Try it:
Print the data verbatim. Leave every image out.

Source data:
- Opening Delimiter -

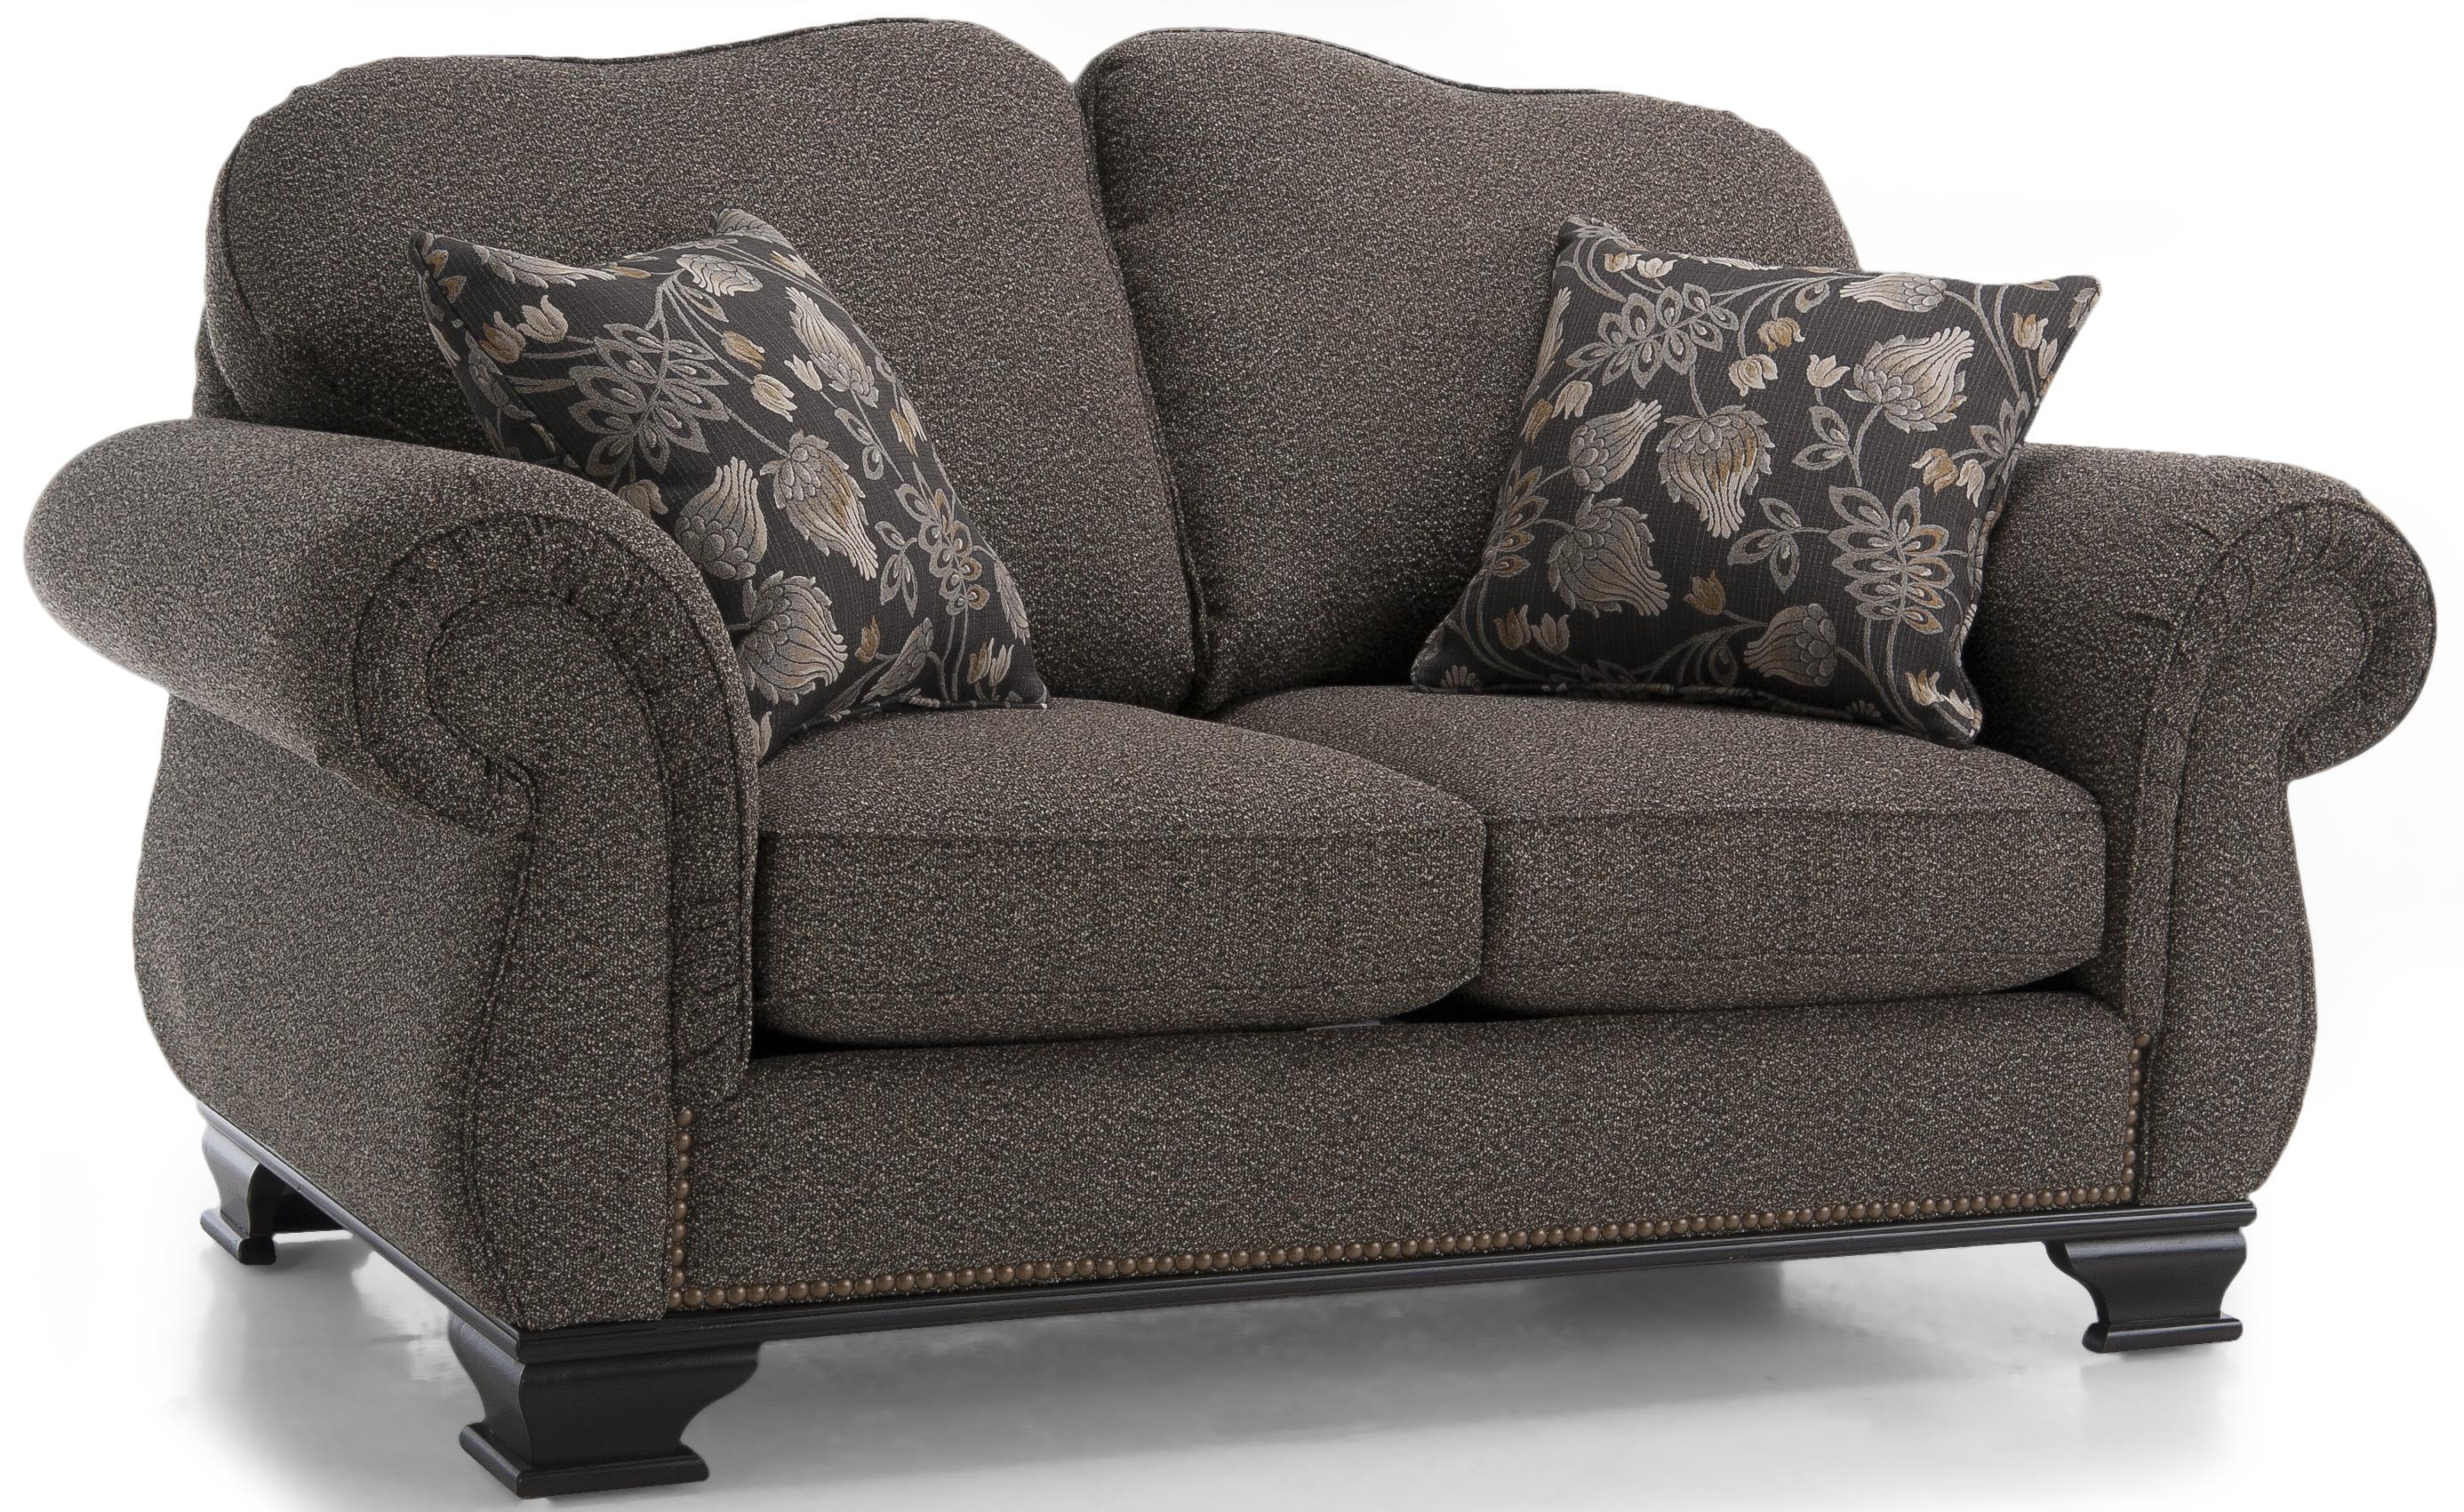 Decor Rest 6933 Love Seat Stoney Creek Furniture Love
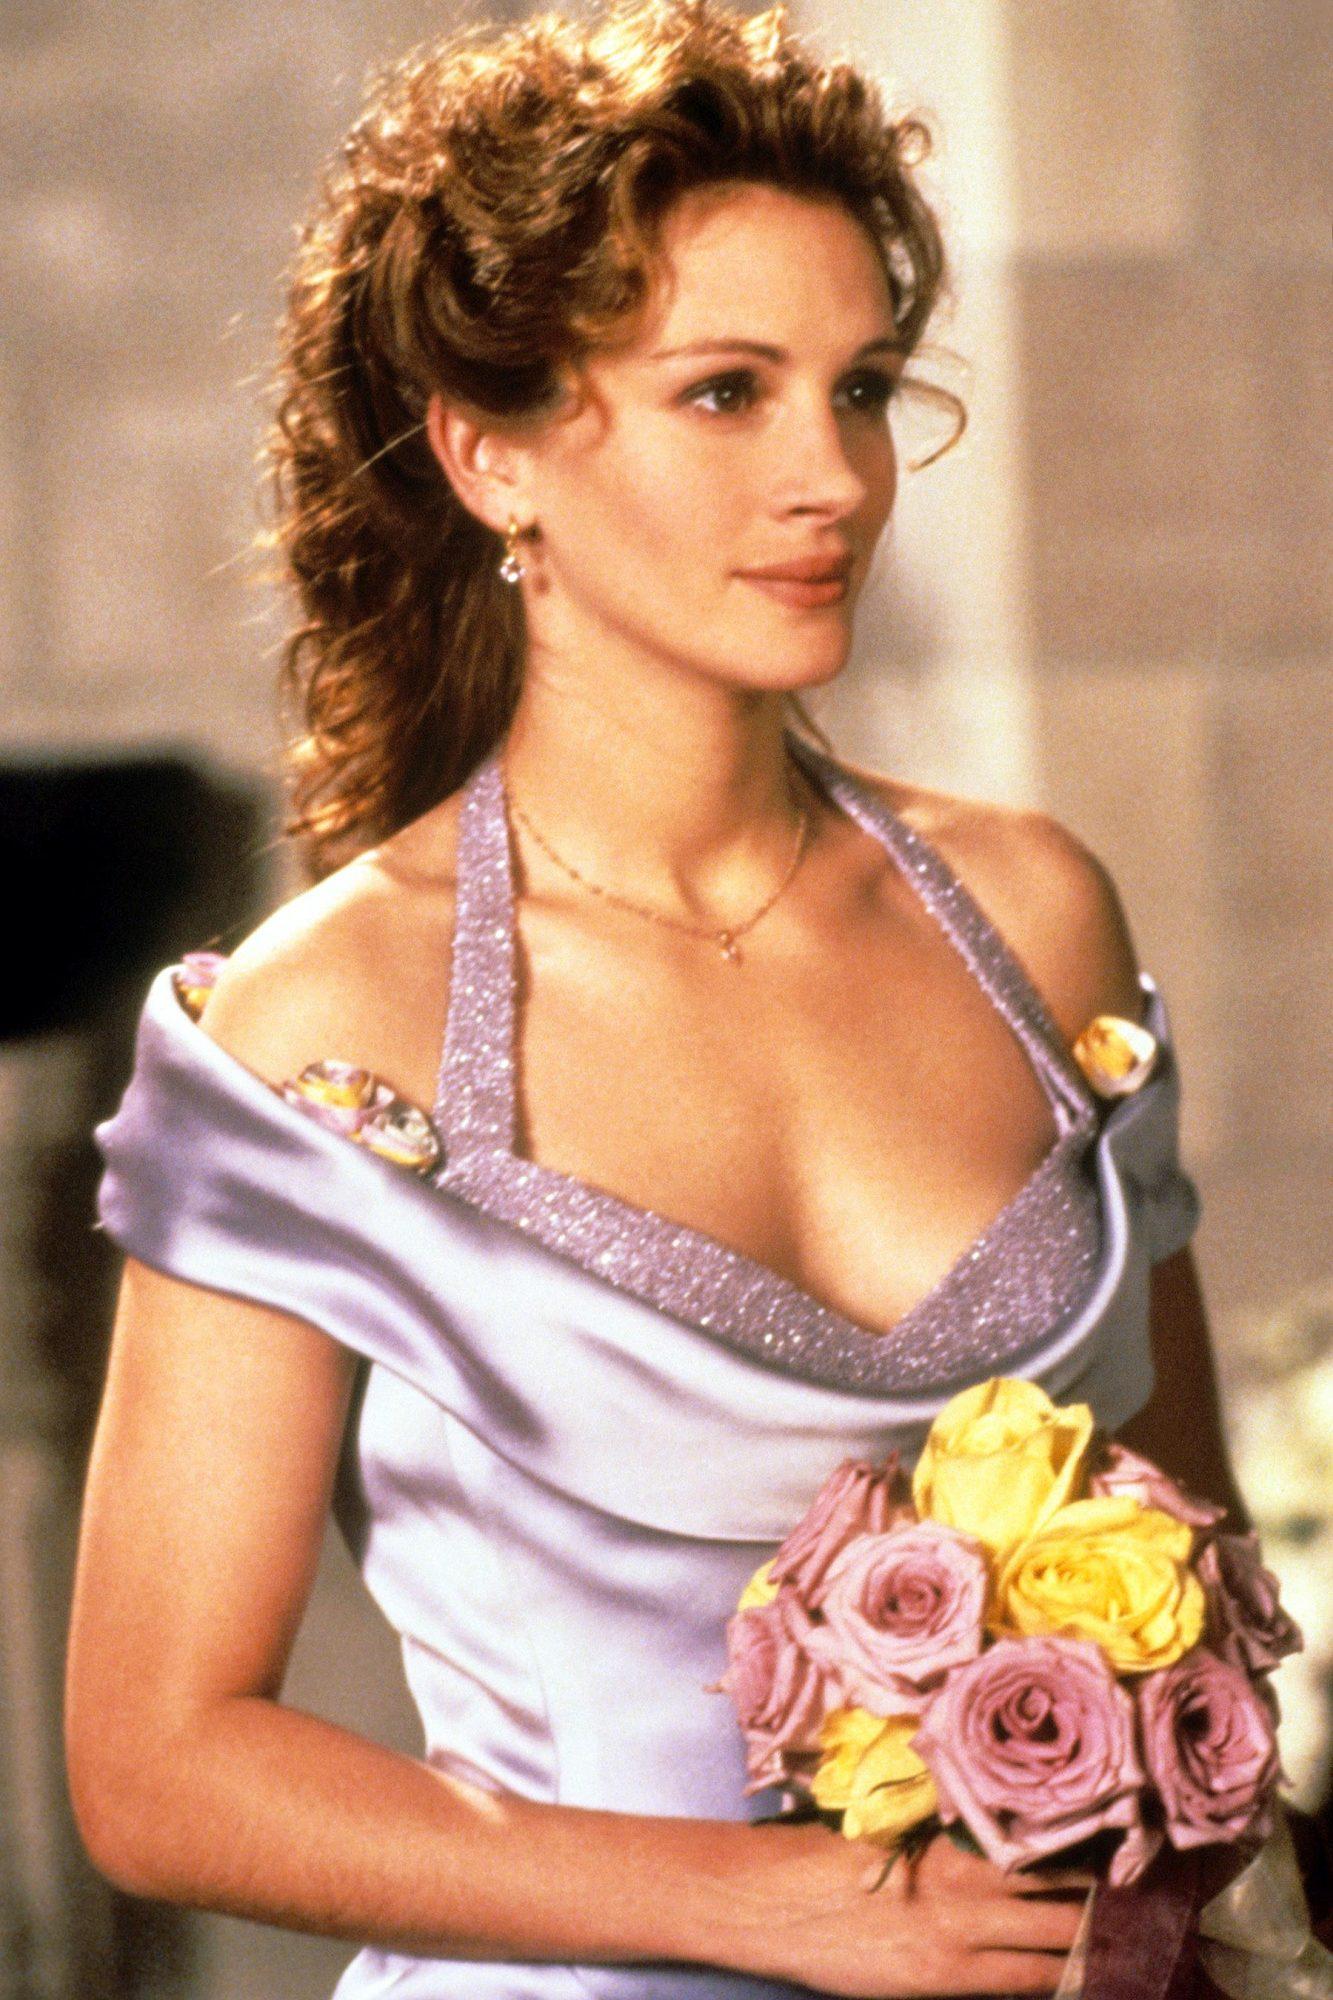 MY BEST FRIEND'S WEDDING, Julia Roberts, 1997, (c) TriStar/courtesy Everett Collection
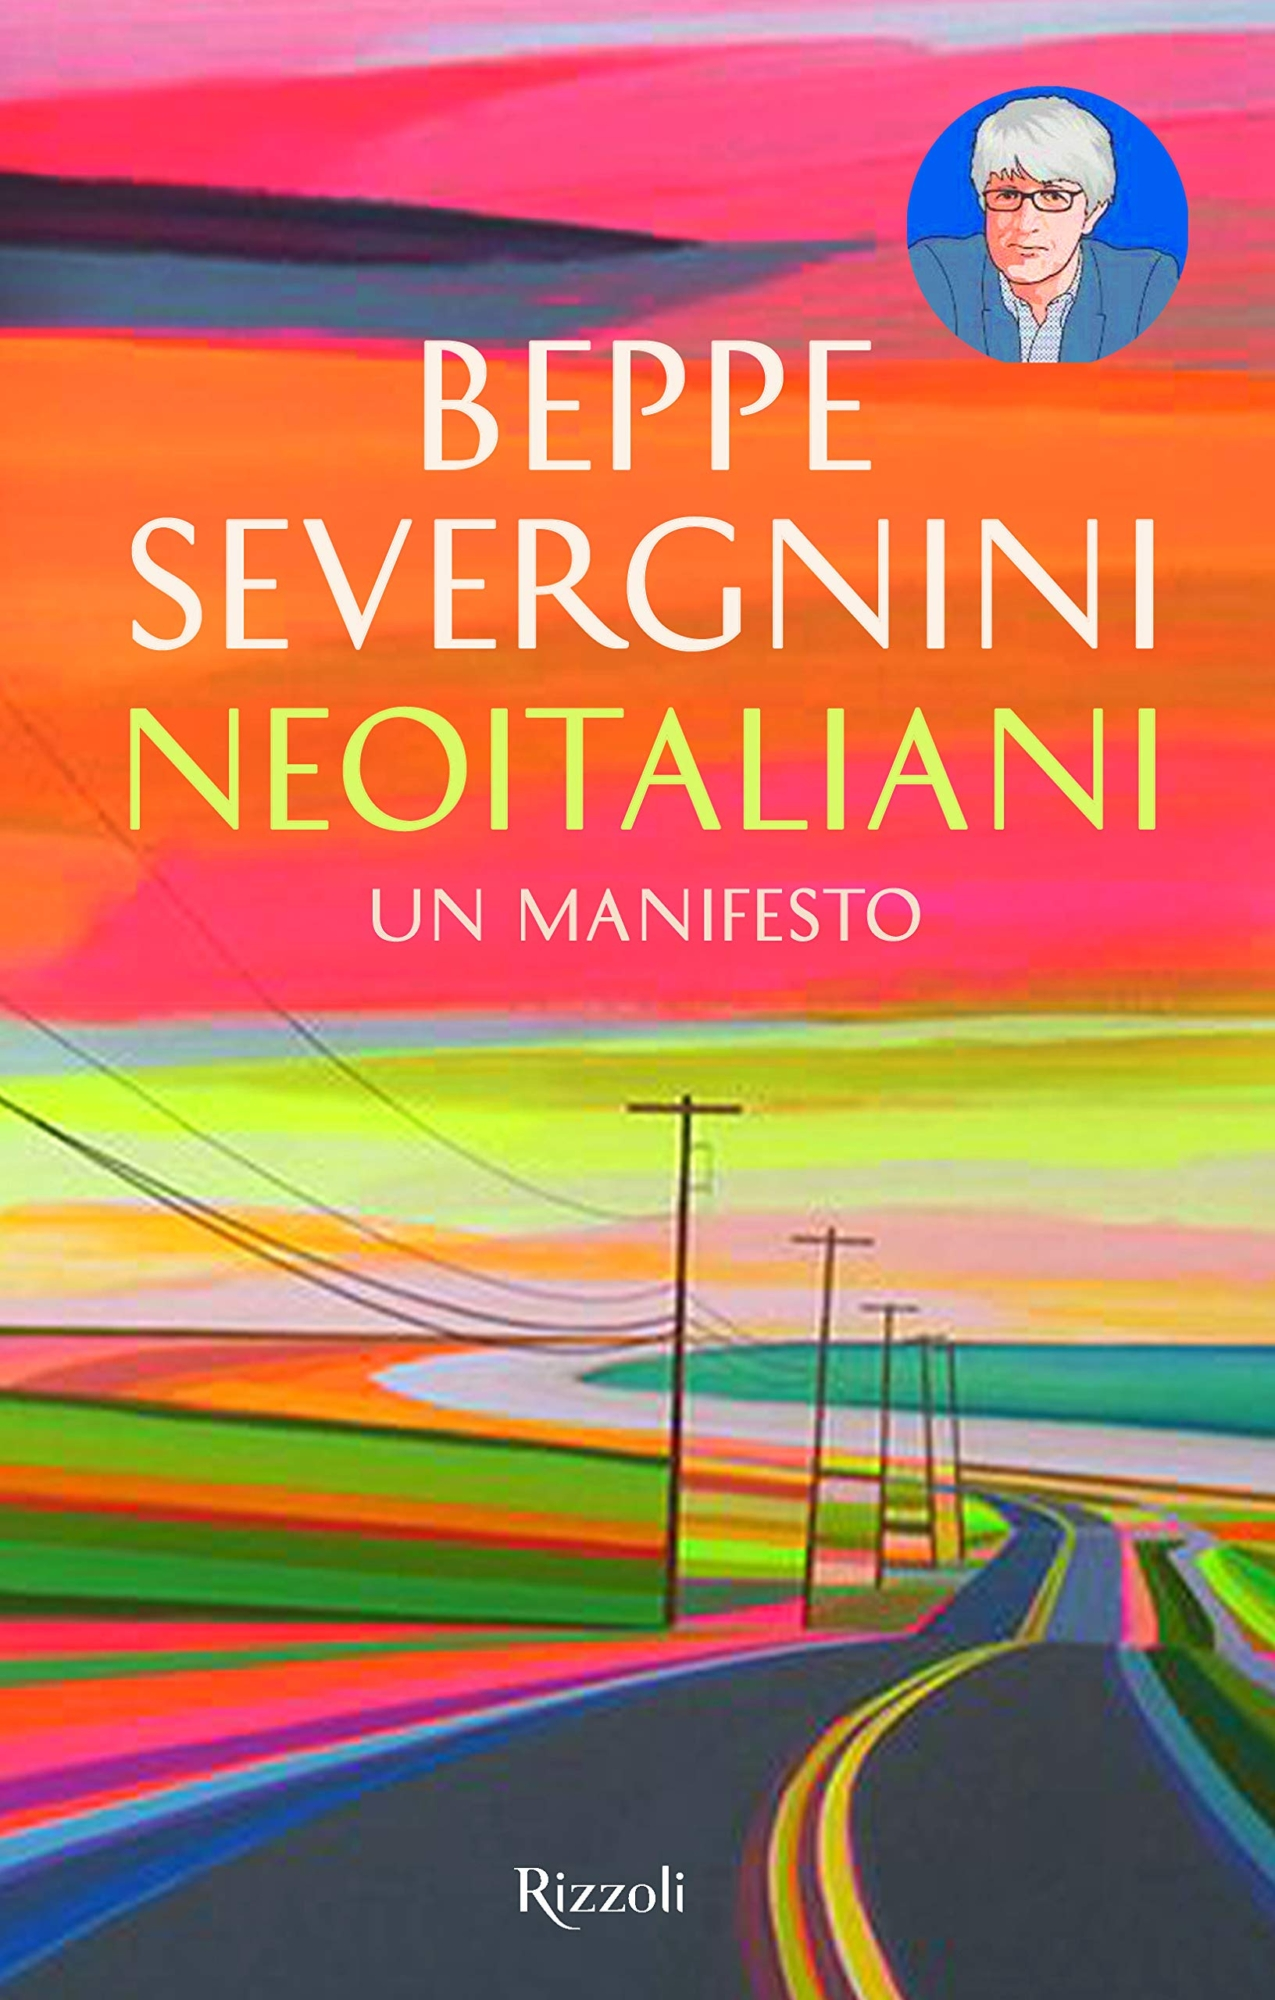 Severgnini Neoitaliani

- Closing Delimiter -

Response:
 Decor Rest 6933 Love Seat Stoney Creek Furniture Love
 MY BEST FRIEND'S WEDDING, Julia Roberts, 1997, (c) TriStar/courtesy Everett Collection
 Severgnini Neoitaliani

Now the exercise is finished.